Schmiedeknecht G, Kerkhoff C, Orsó E, Stöhr J, Aslanidis C, Nagy G M, Knuechel R, Schmitz G
Institute of Clinical Chemistry and Laboratory Medicine, University of Regensburg, Germany.
Eur J Biochem. 1996 Dec 1;242(2):339-51. doi: 10.1111/j.1432-1033.1996.0339r.x.
A trichloroacetic-acid-soluble 14.5-kDa protein (p14.5) has been isolated from human mononuclear phagocytes (MNP) by a combination of trichloroacetic acid extraction, preparative electrophoresis and hydrophobic affinity chromatography; five tryptic peptides were subjected to protein sequencing. The full-length cDNA of the protein was cloned and sequenced from a lambda gt11 human liver library. The cDNA showed a remarkable similarity to a rat protein preferentially expressed in hepatocytes and renal tubular epithelial cells. The encoded protein is 137 amino acids long and similar to members of a new hypothetical family of small proteins with presently unknown function, named YER057c/YJGF. Human recombinant p14.5 inhibits in vitro protein synthesis in a rabbit reticulocyte lysate system. Unlike other inhibitors of protein synthesis, p14.5 is not phosphorylated despite the presence of putative phosphorylation sites. The p14.5 mRNA is weakly expressed in freshly isolated monocytes but is significantly upregulated when these monocytes are subjected to differentiation. This is also reflected by a differentiation-dependent increase in the protein concentration as demonstrated by immunoblots from cytosolic fractions and fluorescence-activated flow cytometry of permeabilized cells. A differentiation-dependent mRNA and protein expression of p14.5 is further suggested by the observation of a low expression in a variety of liver and kidney tumor cells and a high expression in fully differentiated cells as assessed by immunohistochemistry and northern blots. The highest mRNA expression was found in hepatocytes and renal distal tubular epithelial cells and only weak expression was found in other human tissues as evaluated by northern blot analysis. The preferential localization of the immunoreaction product seemed to be cytoplasmatic but, in less differentiated cells, nuclear labeling was occasionally visible. Immunoblotting of subcellular fractions confirmed these data. The high degree of evolutionary conservation of p14.5, the considerable upregulation during cellular differentiation and its potential role as a translational inhibitor may reflect an involvement in basic cellular mechanisms, e.g. a differentiation-dependent regulation of protein synthesis in hepatocytes, renal tubular epithelial cells, smooth muscle cells and MNP.

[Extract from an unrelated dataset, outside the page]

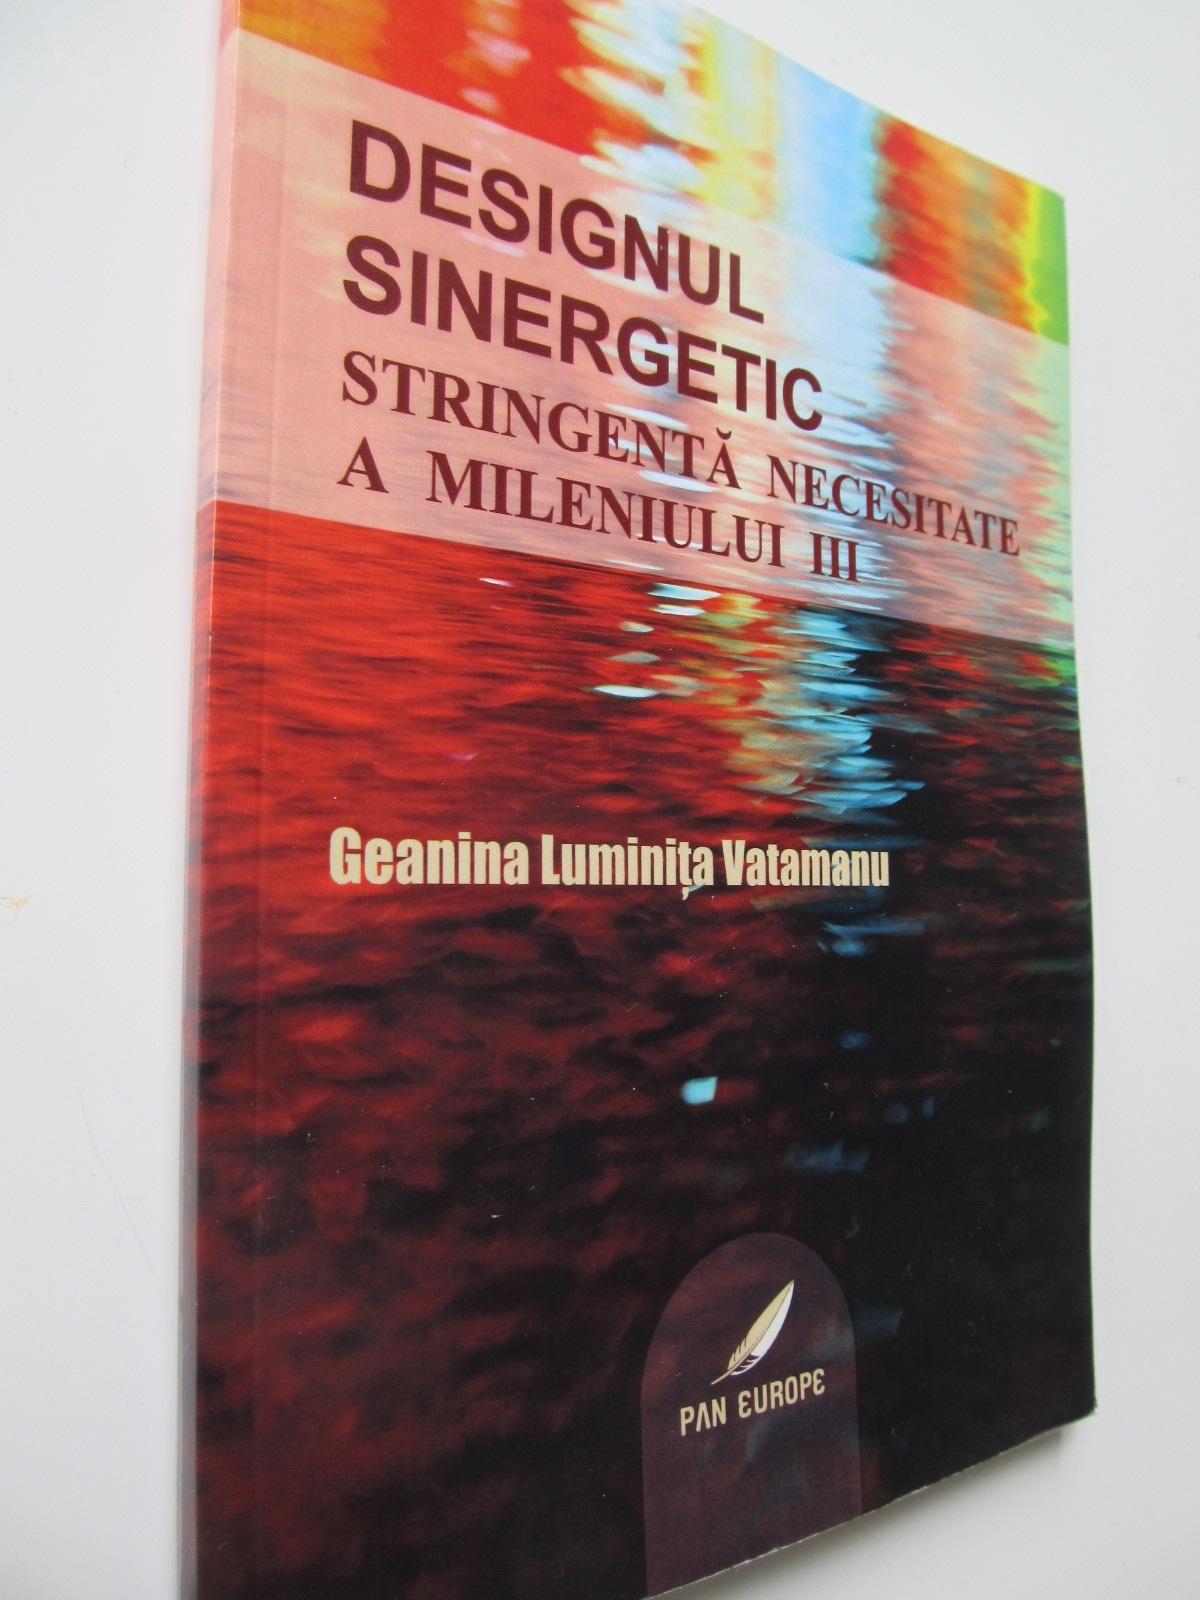 Designul sinergetic stringenta necesitate a mileniului III - Geanina Luminita Vatamanu | Detalii carte

通过三氯乙酸萃取、制备电泳和疏水亲和色谱相结合的方法,从人单核吞噬细胞(MNP)中分离出一种三氯乙酸可溶性14.5 kDa蛋白(p14.5);对五个胰蛋白酶肽段进行了蛋白质测序。从λgt11人肝脏文库中克隆并测序了该蛋白的全长cDNA。该cDNA与一种在肝细胞和肾小管上皮细胞中优先表达的大鼠蛋白具有显著相似性。编码的蛋白长137个氨基酸,与一个新的功能未知的小蛋白假想家族成员相似,该家族名为YER057c/YJGF。人重组p14.5在兔网织红细胞裂解物系统中抑制体外蛋白质合成。与其他蛋白质合成抑制剂不同,尽管存在假定的磷酸化位点,p14.5仍未被磷酸化。p14.5 mRNA在新鲜分离的单核细胞中弱表达,但当这些单核细胞进行分化时会显著上调。细胞质部分的免疫印迹和通透细胞的荧光激活流式细胞术显示,蛋白质浓度的分化依赖性增加也反映了这一点。通过免疫组织化学和Northern印迹评估,在各种肝脏和肾脏肿瘤细胞中p14.5表达较低,而在完全分化的细胞中表达较高,这进一步提示了p14.5的mRNA和蛋白质表达具有分化依赖性。通过Northern印迹分析评估,在肝细胞和肾远端小管上皮细胞中发现mRNA表达最高,而在其他人体组织中仅发现弱表达。免疫反应产物的优先定位似乎在细胞质中,但在分化程度较低的细胞中,偶尔可见核标记。亚细胞组分的免疫印迹证实了这些数据。p14.5的高度进化保守性、细胞分化过程中的显著上调及其作为翻译抑制剂的潜在作用可能反映了它参与基本细胞机制,例如肝细胞、肾小管上皮细胞、平滑肌细胞和MNP中蛋白质合成的分化依赖性调节。